BS. You can run any app on ARM that you can run on i86. High end apps just require a similar implementation. In other words more RAM and faster ports. There is nothing about ARM that keeps these ports from happening.
the processor matters more to me than running OS X natively.
AmigaOS had preemptive multitasking, which did not appear in Windows until Windows NT was released. The GUI was also significantly better than that found in pre-Windows 95 releases (in my opinion). It was also extremely resource efficient....
Why, if your programs will run?
AmigaOS had preemptive multitasking, which did not appear in Windows until Windows NT was released. The GUI was also significantly better than that found in pre-Windows 95 releases (in my opinion). It was also extremely resource efficient....

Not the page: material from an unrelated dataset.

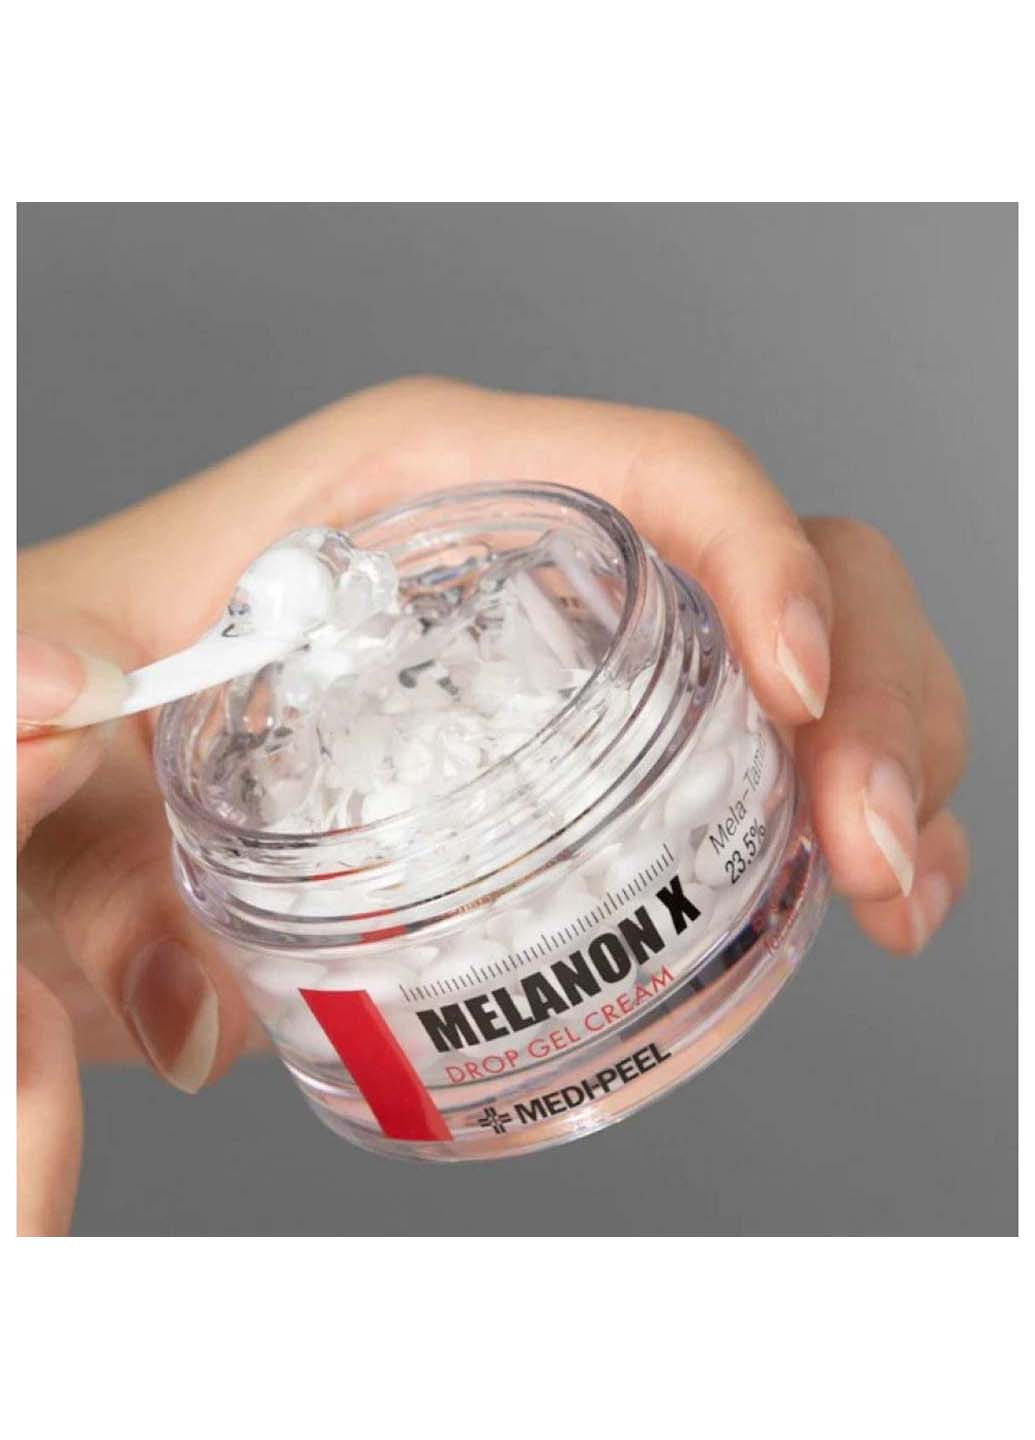 Капсульний гель-крем з ретинолом для омолодження освітлення та зволоження шкіри Melanon X Drop Gel Cream 50 мл Medi-Peel (266997135)
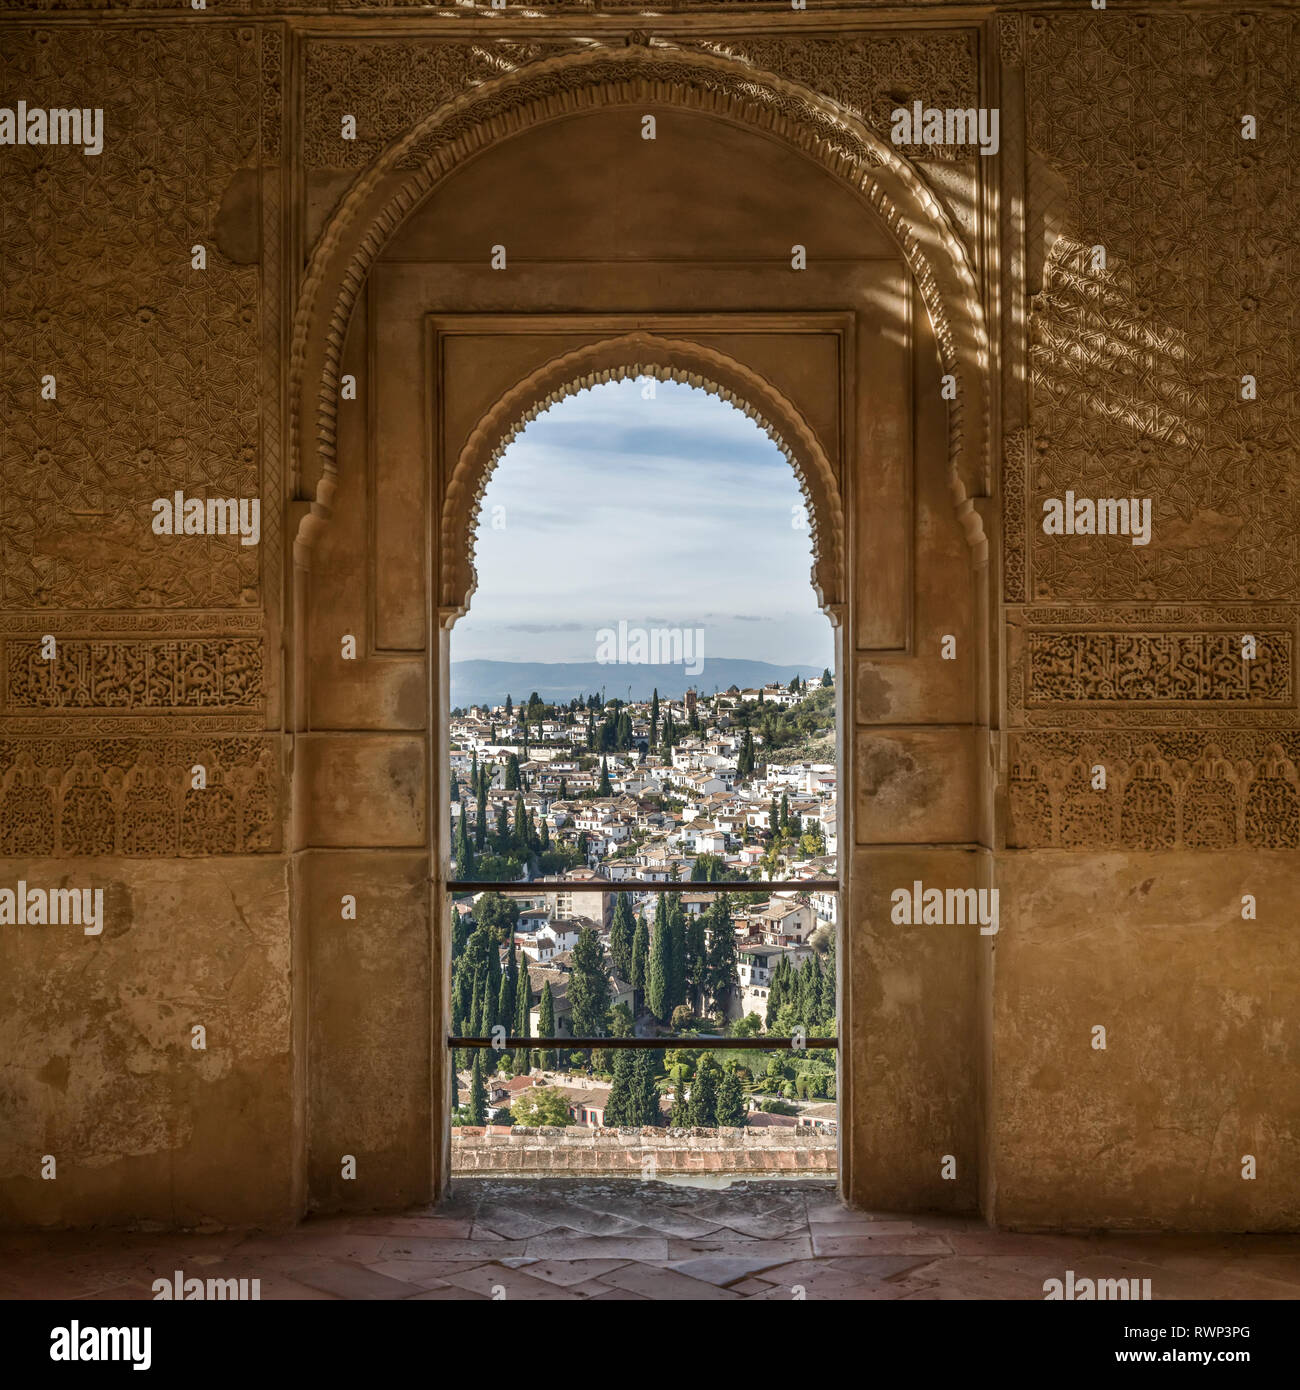 Reich verzierte Detail an einer Innenwand Fassade mit Blick auf die Stadt Granada, Granada, Provinz Granada, Spanien Stockfoto

Seems something aimed at server farms for LAMP serving , not for general purpose computing.Sorry, didn't read 28 pages if that was mentiond before: a 48 core ARM design
http://www.servethehome.com/cavium-thunderx-48-core-arm-design-announced/
That could give some power ...
Sorry, didn't read 28 pages if that was mentiond before: a 48 core ARM design
http://www.servethehome.com/cavium-thunderx-48-core-arm-design-announced/
That could give some power ...
You could have a MILLION cores and it wouldn't make most typical home user individual apps much faster than a one or two cores. Most software isn't well designed to be multi-threaded and efficient at it because it's a royal PITA (parallel tasks are essentially needed instead of sequential) to write it that way compared to not doing it unless it's a 3D renderer or something naturally suited for it like Handbrake (many frames any of which could be divided into segments). Faster single cores are vastly more useful than a bunch of mediocre multi-cores to the average consumer. That won't easily change.